September 11, 2014
BY Staff
Third-generation oilman Brian Potter spoke at the 2014 Collective Biodiesel Conference in Pittsboro, N.C., about how Potter Oil & Tire Co. Inc., a 60-plus-year-old North Carolina-based fuel wholesaler and biodiesel distributor servicing the Mid-Atlantic region, selects its biodiesel suppliers, and his company’s views on the biodiesel industry.
Potter said his company got its start in biodiesel back in 2002, offering B2, B5 and eventually B20 to North Carolina through state contracts. He said the distribution business has two sides, retail and commercial. Potter said for the most part the retail side doesn’t want to deal with RINs and they want product that’s already blended. The commercial distribution side, of which Potter Oil is a part, is a “penny business,” said Potter, where gross profit margins are less than 1 percent, requiring commercial distributors to be “lean and mean.”

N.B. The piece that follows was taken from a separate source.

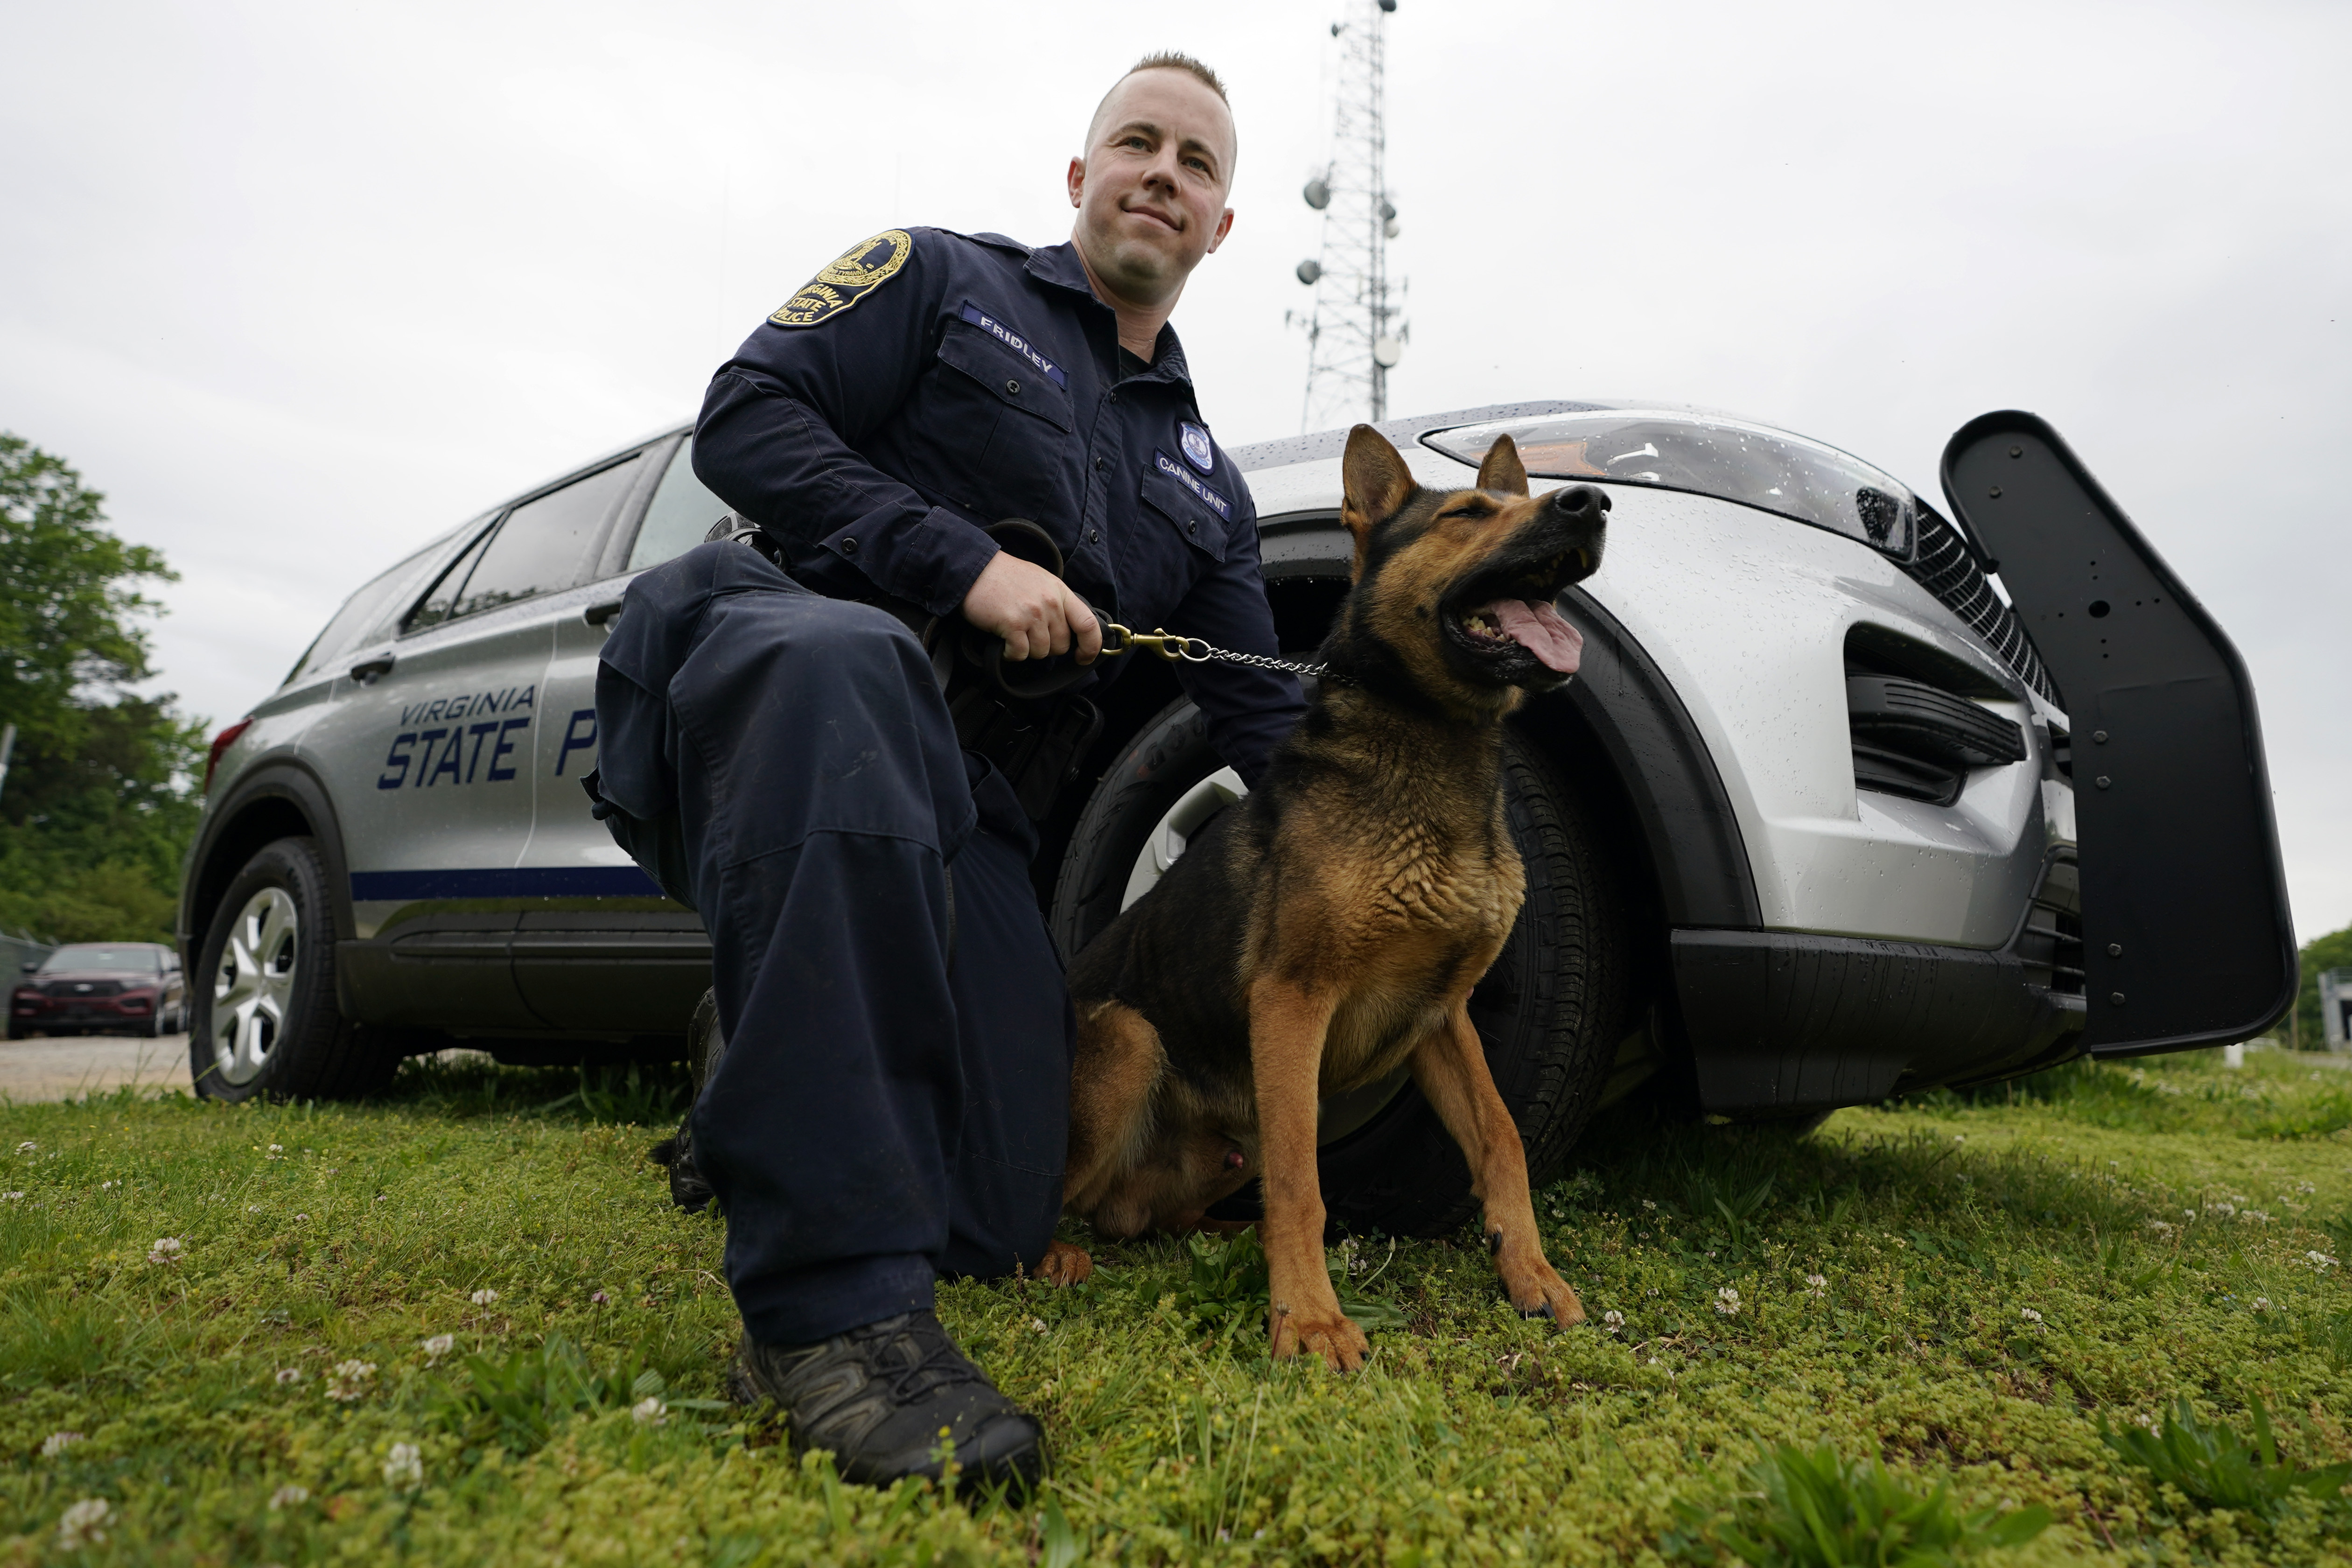 A police officer and his dog

Potter said his company purchases fuel from up to 10 plants, and when selecting a biodiesel supplier, BQ-9000 certification tops his list. He said not only should a Certificate of Analysis be present with every shipment of biodiesel, but it should also have a recent date. “If the date on the C of A is six months old, then something’s not right,” he said. For cold soak, Potter said his company likes to see 100 seconds year-round.

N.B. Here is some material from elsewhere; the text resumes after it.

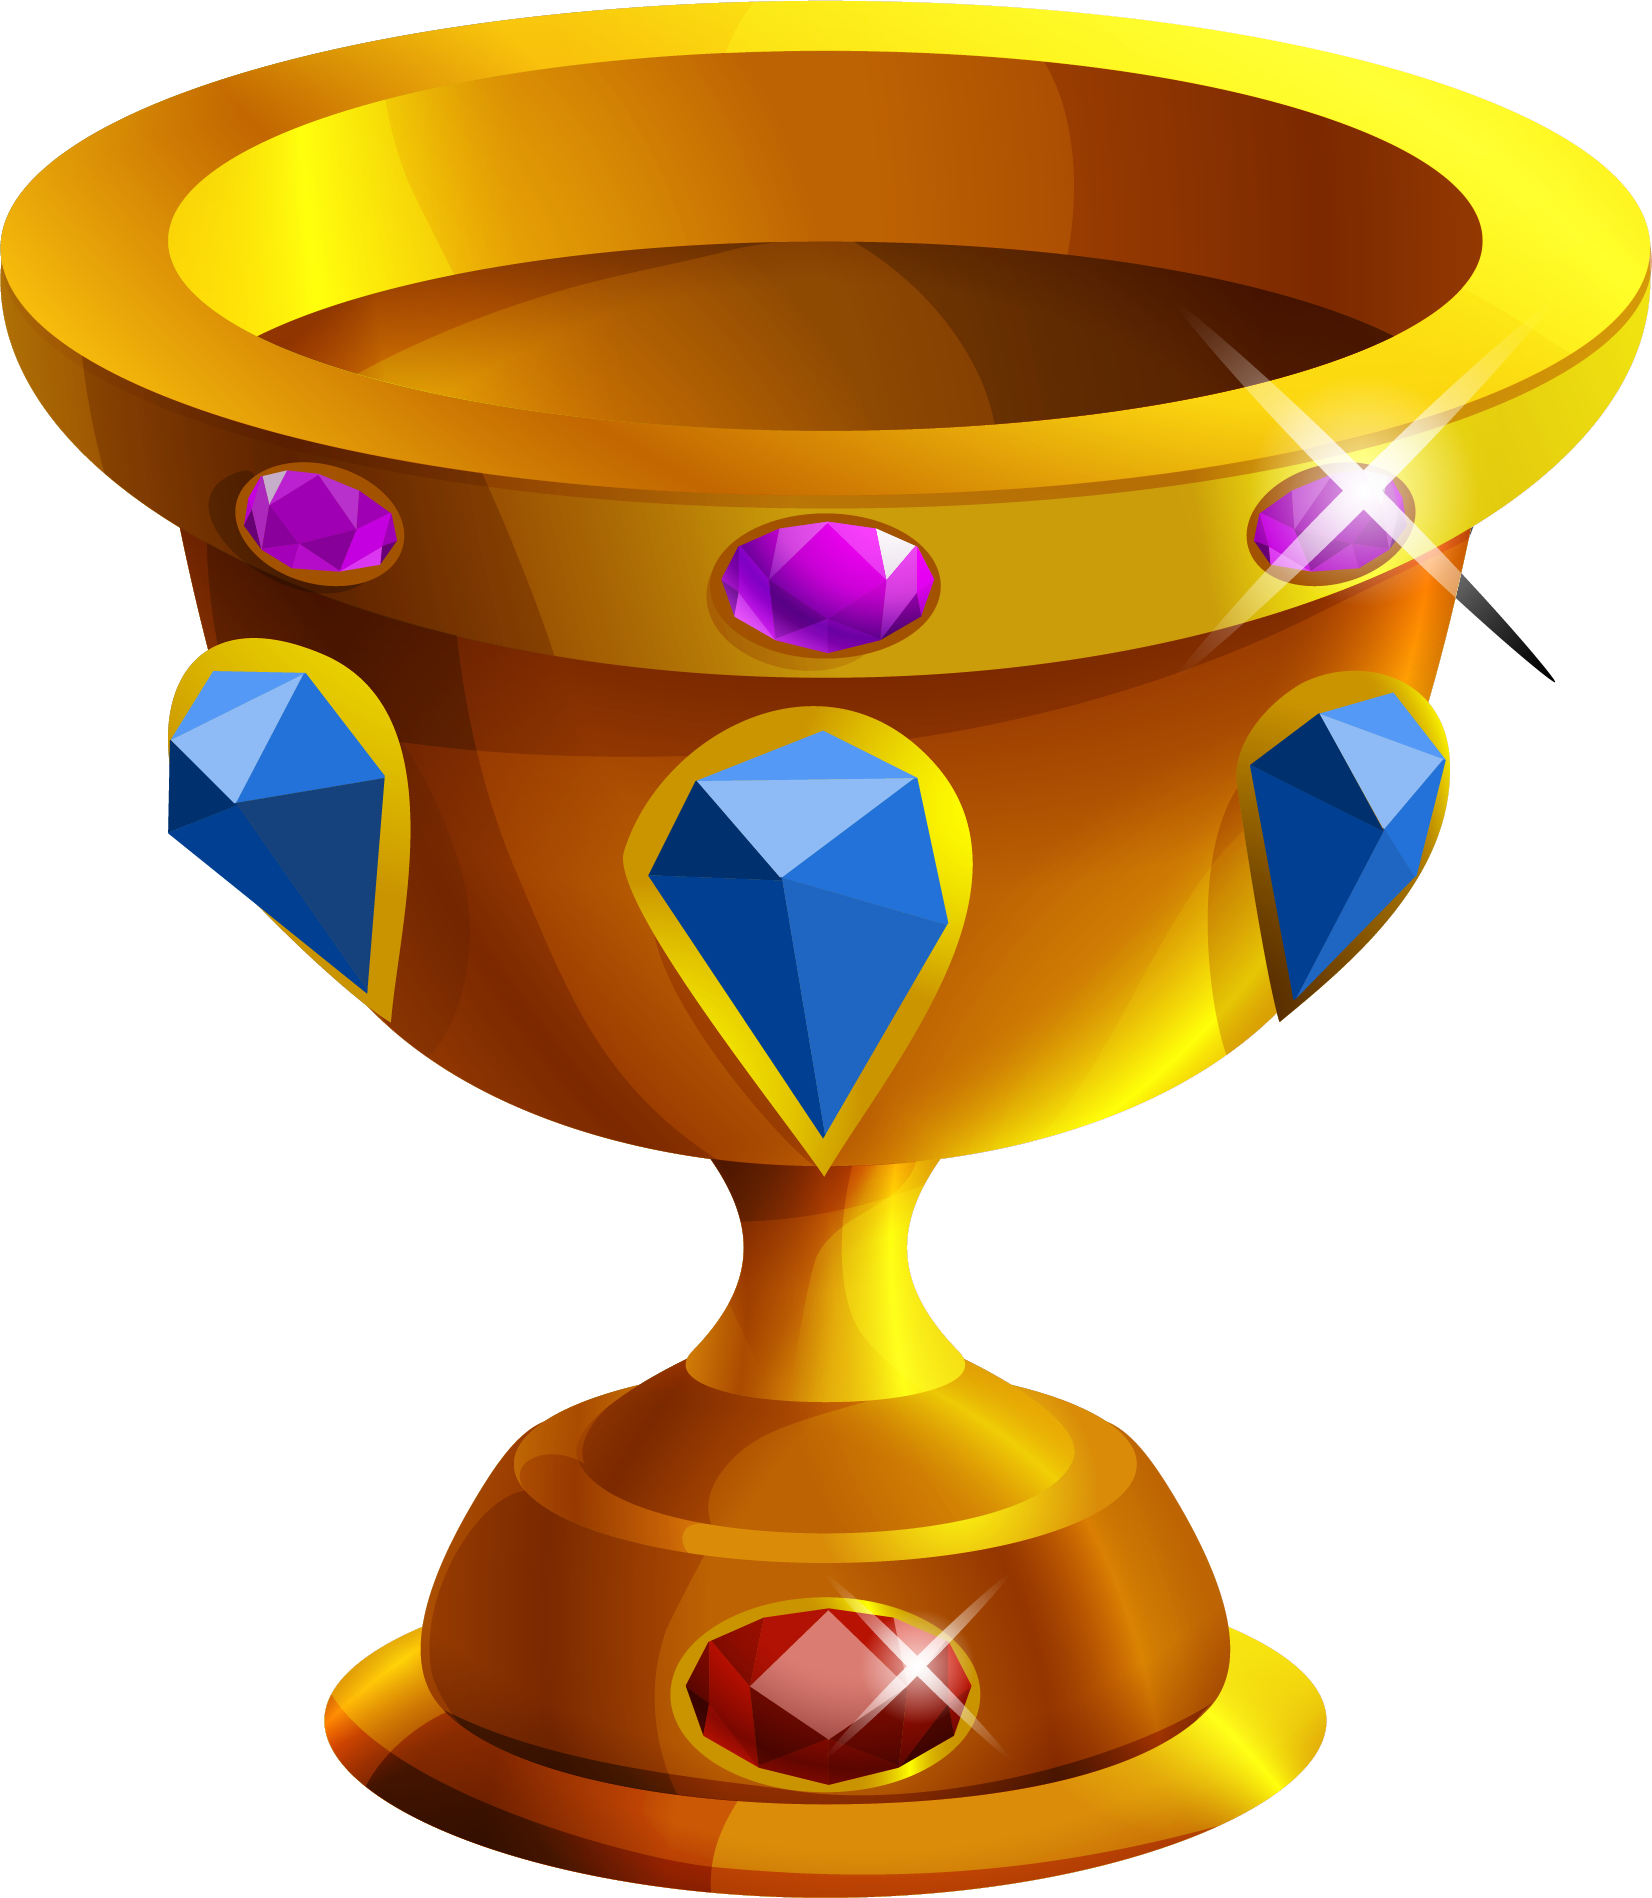 Diamond games cup game. Diamonds clipart trophy

Selling biodiesel isn’t just about fuel transactions, Potter said. “It’s not about selling a load of biodiesel,” he said, “but it’s about trying to build a relationship. Sometimes we lose money on biodiesel just to keep the customer.”

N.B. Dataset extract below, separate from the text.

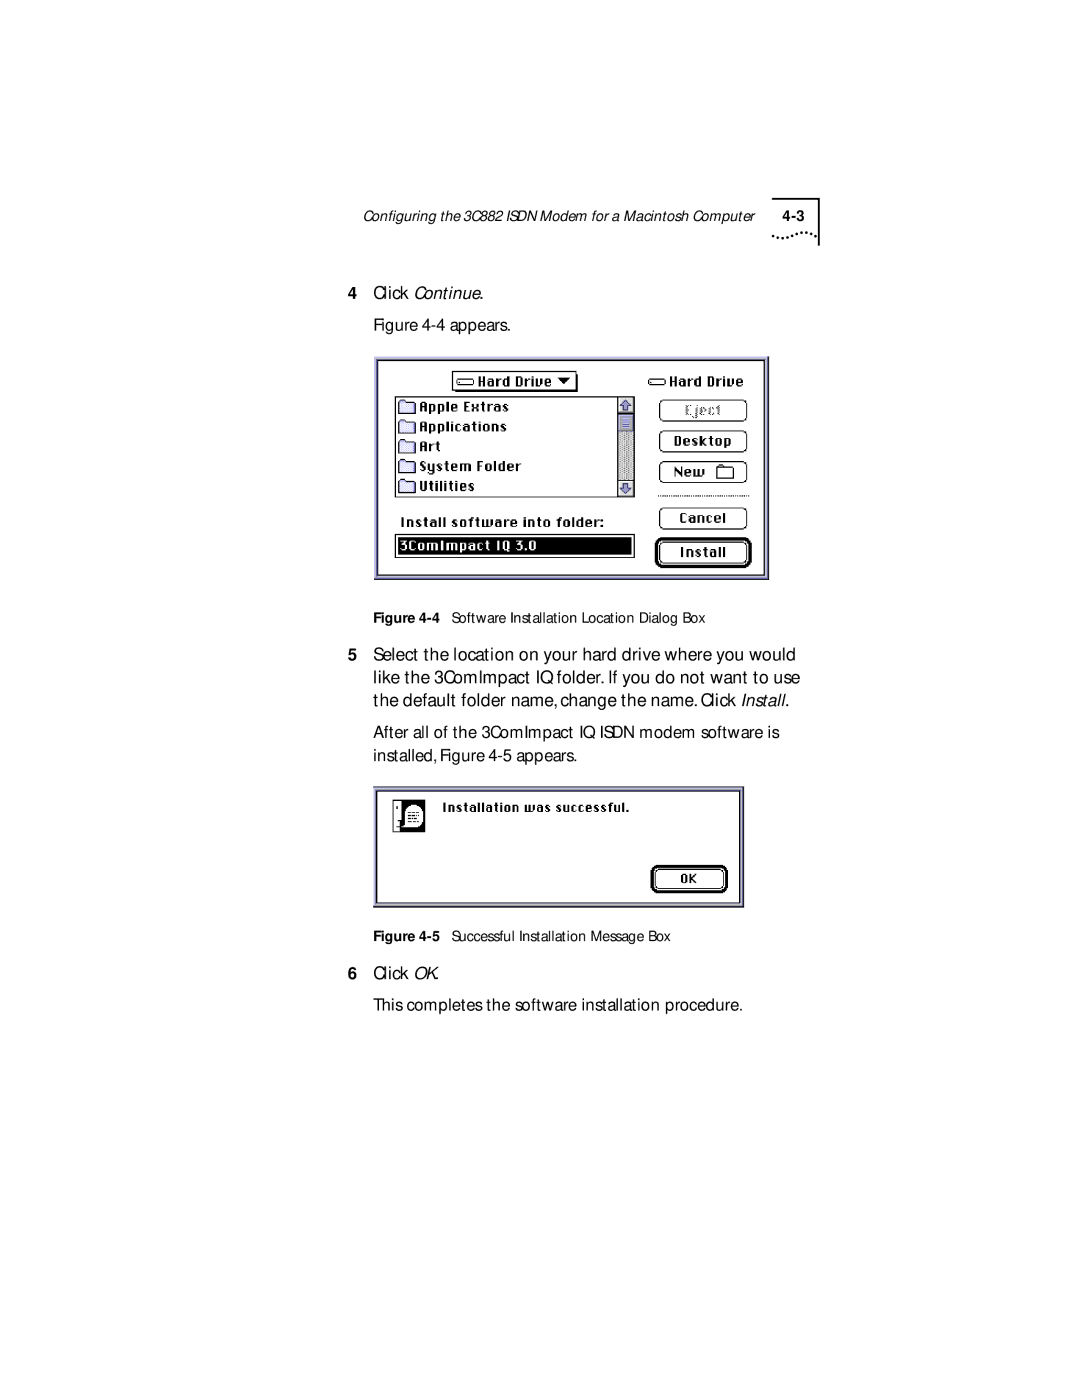 3Com 3C882 manual Click OK This completes the software installation procedure, Click Continue. -4 appears

Plants that Potter Oil buys biodiesel from must have adequate finished product storage, he said, in order to be able to quickly move in and out, and plant location is important. A biodiesel plant’s ability to transition between high and low cloud point feedstock and fuel with the season is also critical to his company’s desire to do business with them.
Pricing structure must be competitive with diesel fuel, Potter noted, adding that it’s vital for Potter Oil to be able to buy product at a locked-in price for three months forward. This allows him to forward sell the RINs, too.
Potter listed specific issues he has encountered with large and small biodiesel plants. Delays in shipping, railcar demurrage, having payment due prior to delivery, and product quality are just a few of the sticking points Potter Oil has had to overcome in dealing with large-volume plants. For small-volume biodiesel plants, Potter said the issues that can affect his business include the volatile productivity, wherein the plant is producing and not producing at inconvenient or inconsistent intervals. Waiting for feedstock is another problem he has seen with small plants. Finally, he said small plants often don’t actually produce the product until it’s sold. “We can’t operate like that,” Potter said. “We have to roll, roll, roll.”
While Potter Oil sells all kinds of biodiesel blends, a majority of what it sells is B20. The company’s biodiesel sales are split 50/50 between state/municipality contracts and the private sector. Potter Oil splash blends all its biodiesel.
Potter’s opinion on the future of the biodiesel industry is that “the big guys” are going to be moving more toward renewable diesel production, and “local production, long-term, is where this industry will stay.”